Follow-up: “5% by 2035 is still too slow. We’re paying now.”

Second Response: Fair point on urgency — but consider what “paying” means. The U.S. doesn’t write checks to NATO. American defense spending protects American interests — bases in Europe project power into the Middle East and Africa, NATO interoperability enables joint operations globally, and European stability protects $1.6 trillion in annual trade. The U.S. spends what it spends because of its own global posture, not because Europe asked it to. Allies spending more is good — threatening to abandon them if they don’t is counterproductive.


Counterpoint 2: “NATO expansion provoked Russia — the Ukraine war proves it”

Objection: Expanding NATO to Russia’s borders was a strategic mistake that provoked the very conflict it was supposed to prevent. If NATO hadn’t expanded eastward, Russia wouldn’t have felt threatened enough to invade Ukraine.

Response: This argument grants Russia a veto over the sovereign decisions of independent nations. Poland, the Baltics, and other Eastern European countries joined NATO voluntarily — often desperately — because they had direct historical experience with Russian invasion and occupation. And the argument is empirically backwards: Russia invaded Ukraine precisely because Ukraine was NOT in NATO. NATO members have not been invaded; non-members have been.

Follow-up: “But the U.S. wouldn’t tolerate a hostile military alliance on its borders either.”

Second Response: The comparison doesn’t hold up. NATO is a defensive alliance — it has never attacked Russia. Countries join voluntarily; Russia’s neighbors join because they fear Russia, not because NATO coerces them. If Russia doesn’t want its neighbors joining a defensive alliance, the solution is to stop giving them reasons to feel they need one. The invasion of Ukraine, the annexation of Crimea, and the occupation of parts of Georgia are exactly why countries seek NATO membership.


Counterpoint 3: “The U.S. should focus on China, not Europe”

Objection: The real strategic challenge is in the Indo-Pacific. NATO ties the U.S. to European defense commitments that distract from the China threat. Resources spent on Europe are resources not available for the Pacific.

Response: This isn’t an either/or choice — it’s the core advantage of having alliances. NATO allies are increasingly contributing to Indo-Pacific security: the UK, France, Germany, and the Netherlands have all deployed naval assets to the Pacific. NATO’s 2022 Strategic Concept named China as a challenge for the first time. A strong NATO frees up U.S. forces for the Pacific by ensuring Europe can handle its own neighborhood — weakening NATO forces the U.S. to cover both theaters with fewer partners.

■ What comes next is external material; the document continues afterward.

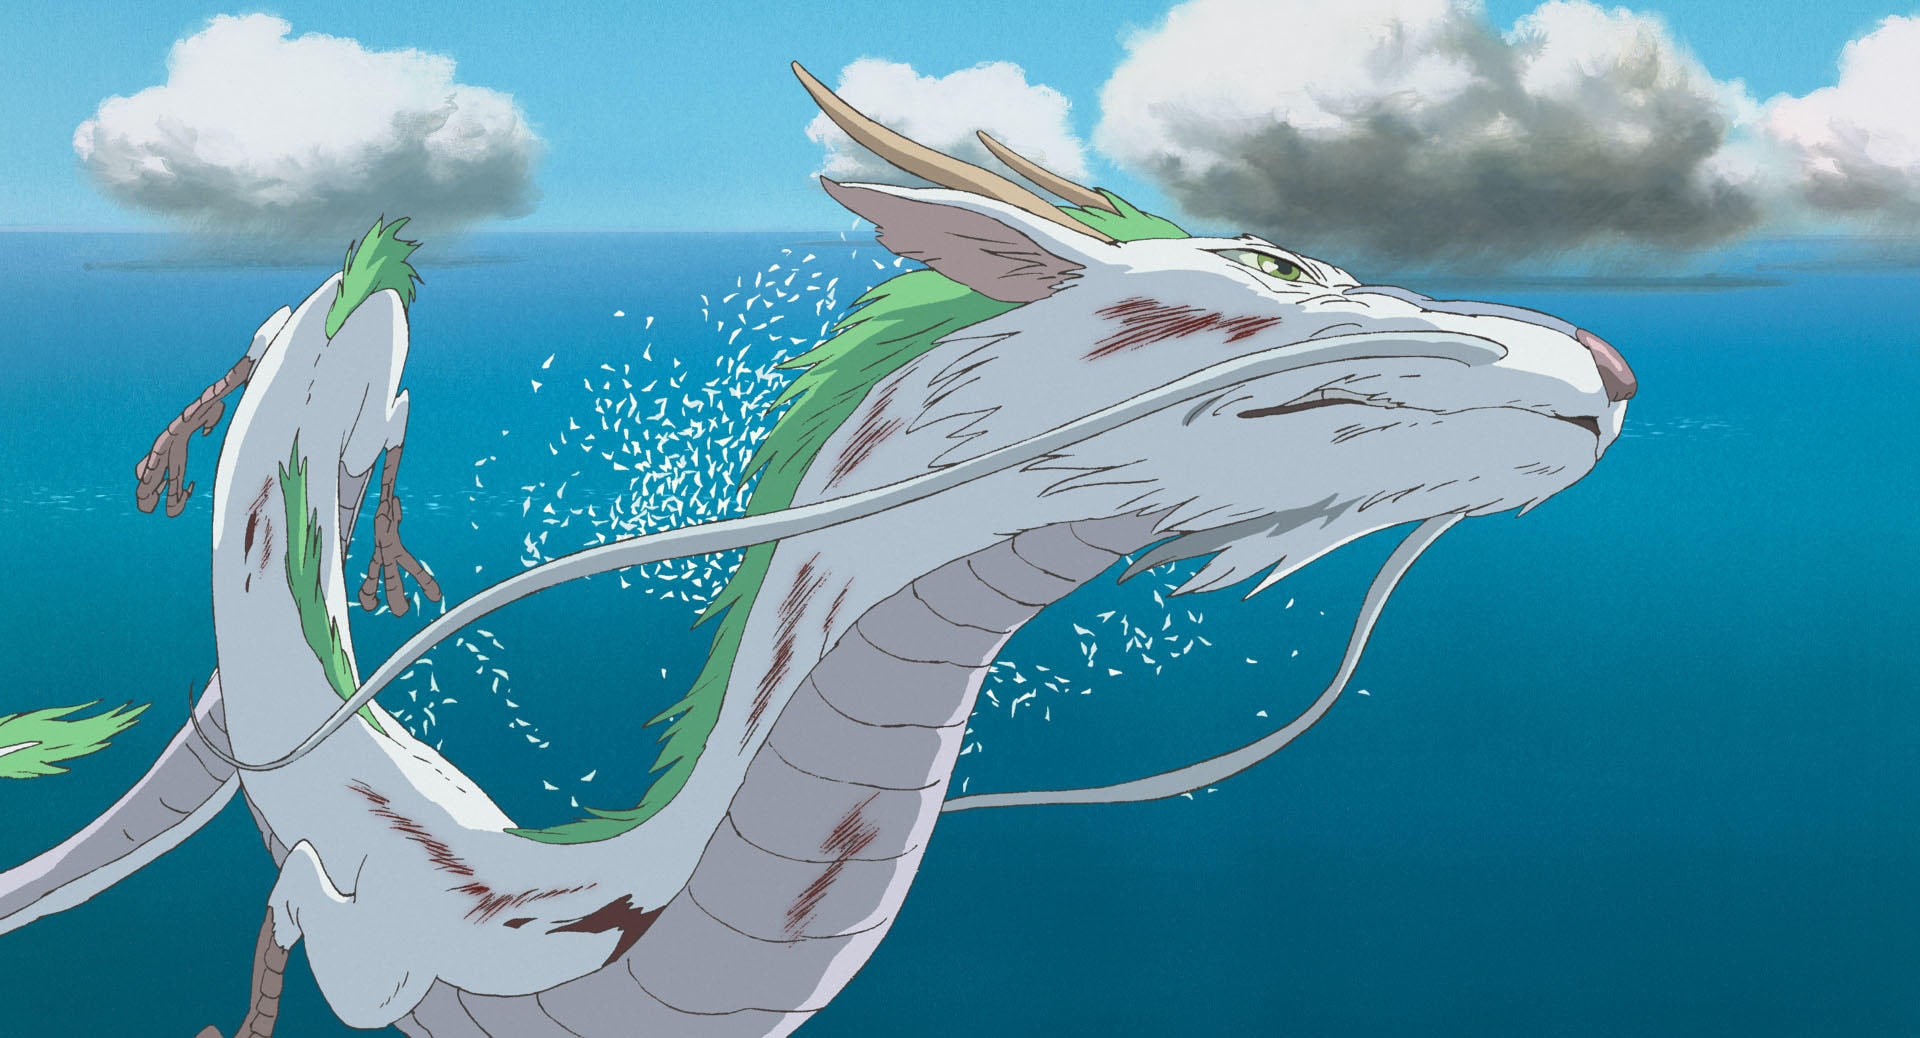 『千と千尋の神隠し』より。龍の姿で空を飛ぶハク　©2001 Studio Ghibli・NDDTM

Follow-up: “European allies don’t actually contribute anything meaningful in the Pacific.”

Second Response: The UK operates nuclear submarines and has a permanent Indo-Pacific presence. France has overseas territories and bases in the Pacific. Multiple NATO allies participate in freedom-of-navigation exercises in the South China Sea. But even the European-focused contributions matter: every dollar an ally spends securing Europe is a dollar the U.S. doesn’t have to spend there, freeing resources for Asia. Abandoning European allies doesn’t help with China — it just means the U.S. faces China alone.

Common Misconceptions

Misconception 1: “The U.S. pays 70-80% of NATO’s budget.”

Reality: NATO’s common budget — the amount members actually pay into the alliance organization — was EUR 4.6 billion in 2025, with the U.S. paying about 16% (its share was recently reduced from ~22%). The “70%” figure conflates U.S. national defense spending (which serves U.S. global interests far beyond NATO) with NATO’s actual budget. These are fundamentally different things.

Misconception 2: “NATO allies don’t fight — they just ride along.”

Reality: Over 1,000 allied troops died in Afghanistan. Allies have contributed forces to Kosovo, Libya, Iraq, counter-ISIS operations, and maritime security missions. Allied nations — particularly the UK, France, Canada, and Denmark — have consistently deployed combat forces in U.S.-led operations, often taking significant casualties.

Misconception 3: “NATO is a Cold War relic that’s outlived its purpose.”

Reality: Russia’s invasion of Ukraine, its hybrid warfare campaigns against NATO members, and its nuclear threats have demonstrated precisely why collective defense remains necessary. Finland and Sweden joined NATO in 2023-2024 specifically because the Russian threat convinced previously neutral nations that they needed alliance protection. NATO is more relevant than it has been in decades.

Rhetorical Tips

Do Say

“NATO allies came to our defense after 9/11 — the only time Article 5 was ever invoked was to protect America.” This is the single most powerful rebuttal to the “freeloading allies” narrative.

Don’t Say

“We can’t afford to leave NATO” — this concedes the premise that NATO is a cost rather than an investment. Instead: “NATO is the best security deal America has ever had.”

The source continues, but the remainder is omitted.